SPECTRAL LIBRARY OF NATIVE VEGETATION SPECIES
RESEARCH ABSTRACTS
Carla Mae M. Arellano, Aeron Adrian C. Maralit, Enrico C. Paringit, Czar Jakiri S. Sarmiento, Ayin M. Tamondong,
Regine Anne G. Faelga, Fe Andrea M. Tandoc, Rusty A. Lopez, Fatima Joy O. Pamittan, Celeste Z. Vidad
"Multi-temporal Analysis of Radar Backscatter of Dense and Sparse Forests
Using Sentinel-1A Collection in Google Earth Engine"
Radar data has been historically expensive and complex to process. However, in this milieu of cloud-computing platforms and open-source datasets, radar data analysis became more efficient and expanding its application in exploratory researches. This study performed multi-temporal analysis of radar backscatter to characterize dense and sparse forest from Sentinel-1 images.
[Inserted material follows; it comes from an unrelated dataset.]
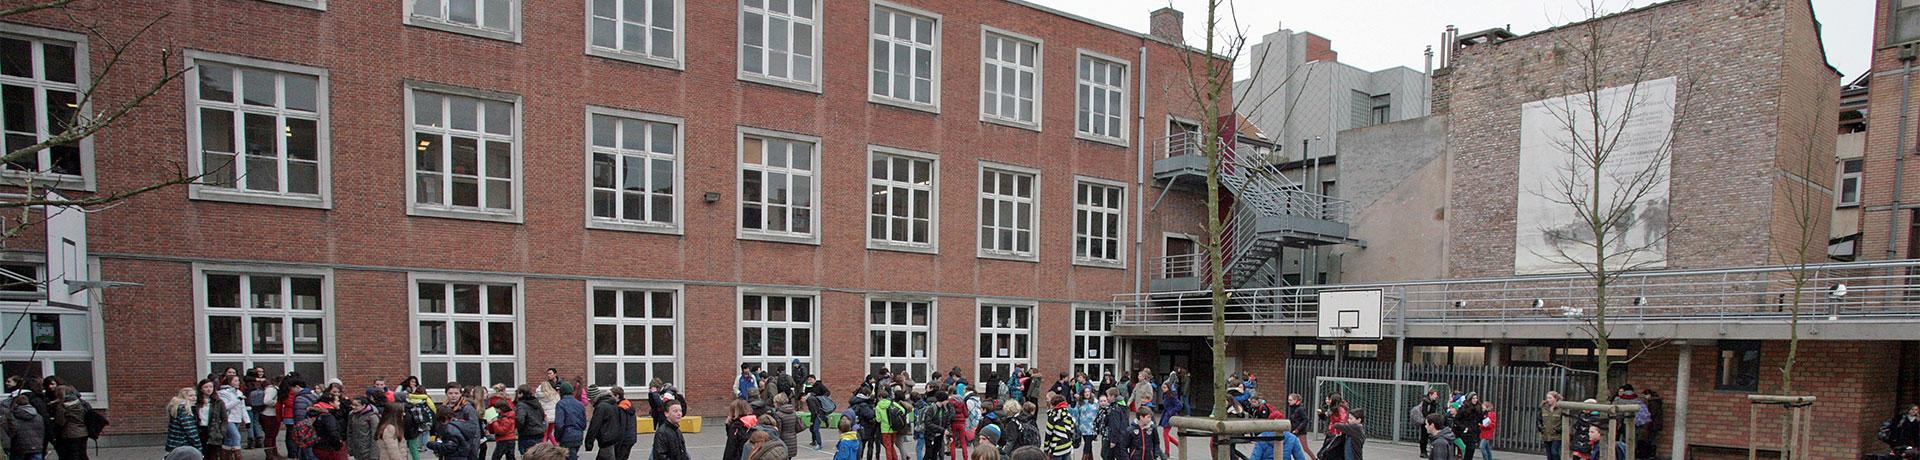 College Petrus En Paulus Historiek Header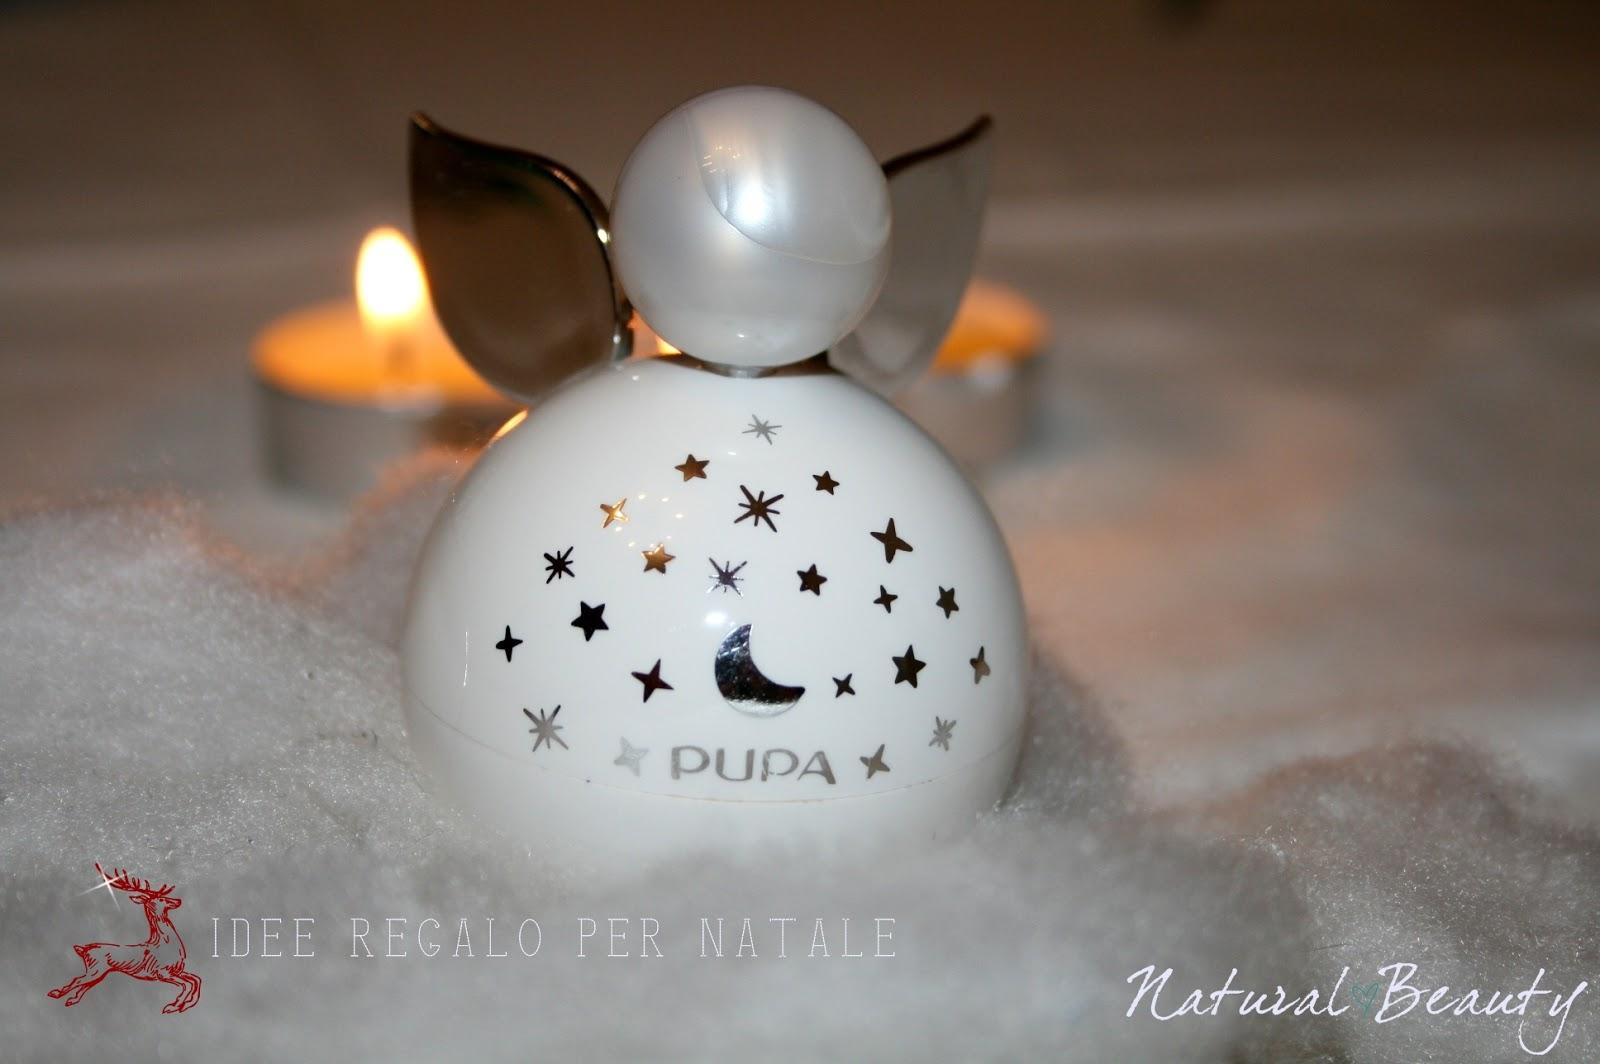 Natural beauty idea regalo per natale pupa angel for Idea per regalo

The area of study are reforested sites under the National Greening Program (NGP) of the Philippines. Ground data were collected: (1) in 2019, from a 1.35 ha -site in Brgy. Calula, Ipil, Zamboanga Sibugay, (2) in 2019, from a 1.10 ha- site in Brgy. Cabatuanan, Basay, Negros Oriental, and (3) from PhilLiDAR 2 – Project 3: FRExLS’ 2.4 ha -validated site in Ubay, Bohol. SAR intensities and NDVI values were derived from Sentinel-1 and Landsat images from Google Earth Engine, which is a cloud-based platform with a repository of satellite images and functionalities for data extraction and processing. The temporal variation in the C-band radar backscatter from 2014 to 2018 were analyzed. The results show, for the whole period of analysis, that: in VH polarization, dense forests range from -10 to -21 dB and sparse forests range from -14 to -21 dB, and in VV polarization, dense forests range from -5 to -13 dB and sparse forests range from -10 to -15 dB. Forest backscatter are expected to saturate over time, especially in dense forests. These variations are due to differences in forest species, landscape, environmental and climatic drivers, and phenomenon or interventions on the site.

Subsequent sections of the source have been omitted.